Een doeltreffende datastrategie vraagt volgens Lemner een heldere focus. “Ik kijk vanuit mijn eigen achtergrond en ervaring met een retailbril naar data. De essentie van retail is niet veranderd en zal ook niet veranderen: buying and selling. Zeker voor modebedrijven die geen tijd, mensen en middelen op overschot hebben, is het cruciaal om dat altijd in het achterhoofd te houden wanneer ze data verzamelen. Wie zijn je leveranciers? Wie zijn je klanten? Wat willen ze, vandaag en morgen? Focus op die data die je daar relevante inzichten over geven, vergeet de rest.”

“Er zijn vandaag heel wat doeltreffende, betaalbare tools beschikbaar om data te verzamelen en te analyseren. Maak het niet te ingewikkeld, investeer geen geld in dure en complexe technologie als de basis niet goed zit.”

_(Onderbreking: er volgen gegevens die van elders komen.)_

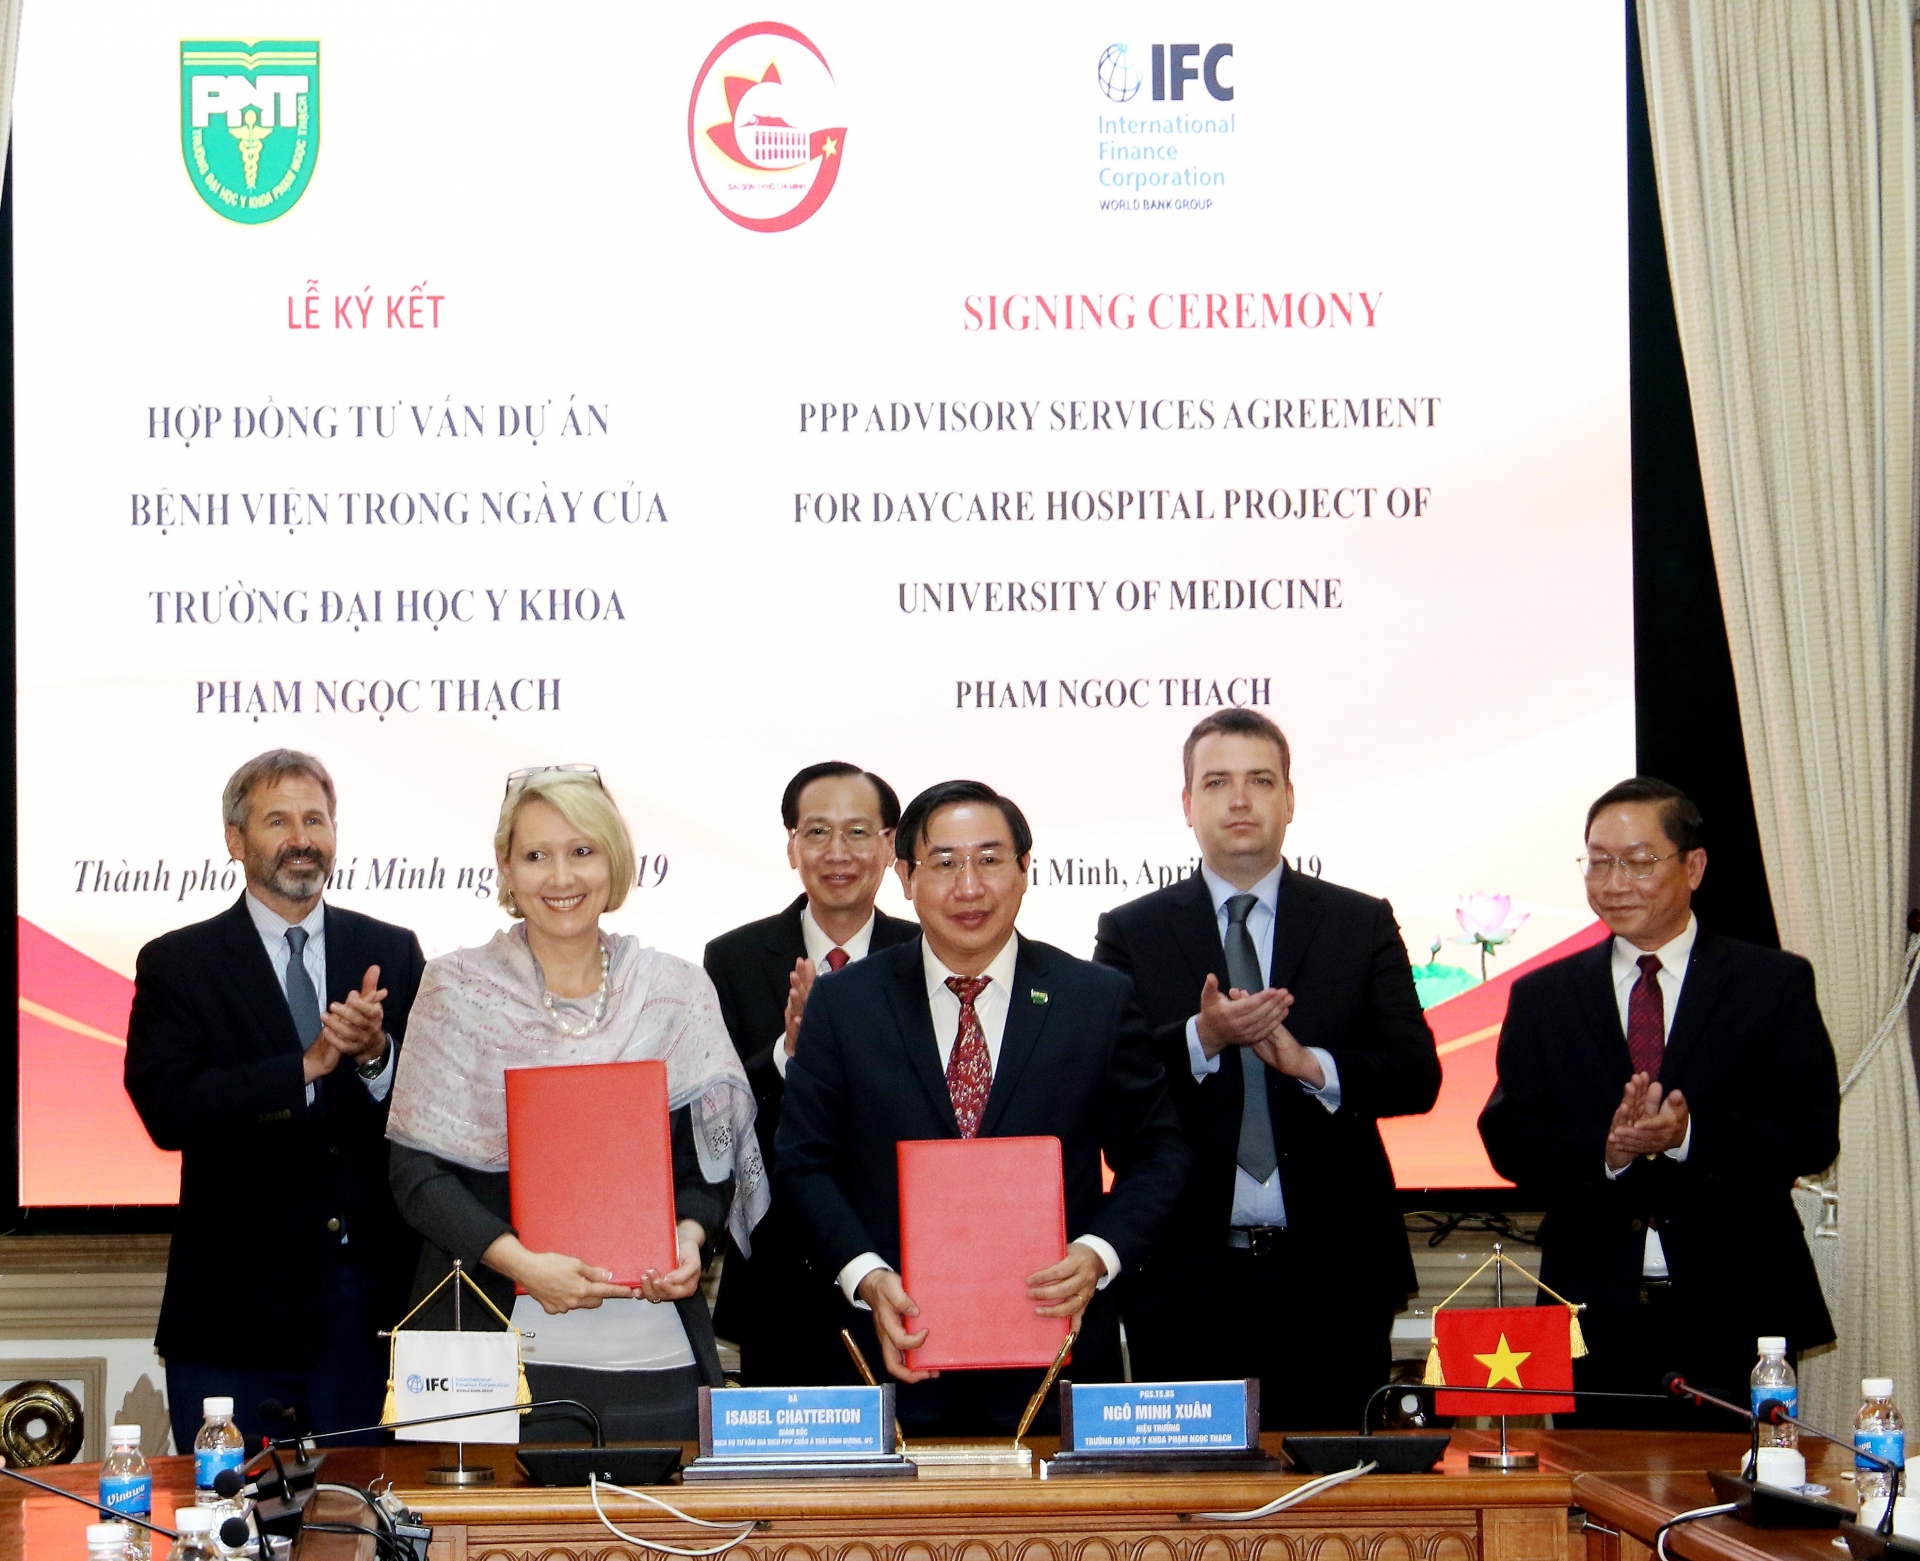 IFC to assist Ho Chi Minh City to develop PPP healthcare facility

Lemner heeft nog een opvallende raad voor modebedrijven: verzamel niet alleen relevante data over je klanten, maar ook over de mensen die rondkijken maar weer vertrekken zonder iets te kopen. “Hun data zijn niet alleen even waardevol als die van je klanten, ze zijn ook met veel meer. We weten uit onderzoek dat de gemiddelde conversieratio zo ergens tussen de 15 en 20 procent ligt. Dat wil zeggen dat vijf op zes mensen die in je winkel komen weer buitenwandelen of uitchecken zonder aankopen. Vonden ze hun maat niet? Was dat ene stuk dat ze zochten er niet in de juiste kleur? Je weet het niet.”
 
“Ik ben zelf actief in een start-up, LiveCrew, die in kaart brengt wie de ‘buitenwandelaars’ zijn. De verkopers praten meestal wel met die klanten en weten vaak waarom ze uiteindelijk toch niets kopen. We maken het voor die verkopers heel eenvoudig om dat snel en efficiënt te registreren. Kleinere en middelgrote merken hebben hier trouwens een troefkaart in handen, ze hebben veel meer contact met (potentiële) klanten dan de grote ketens.”

Door de datajungle

Ziet Lemner ook een rol weggelegd voor data in het creatieproces? “Call me old fashioned, maar ik geloof nog altijd dat het in de mode uiteindelijk om de kleding draait. Product is king, ondanks alle marketing errond. Ontwerpers zullen bij het creëren van dat product nooit op data alleen afgaan. Ze reizen, ze gaan naar shows, ze lezen magazines, ze houden hun ogen open op straat. Data kunnen designers helpen om door het bos – de jungle aan data, zeg maar – toch de bomen te blijven zien. Het zal altijd balanceren blijven tussen data en buikgevoel."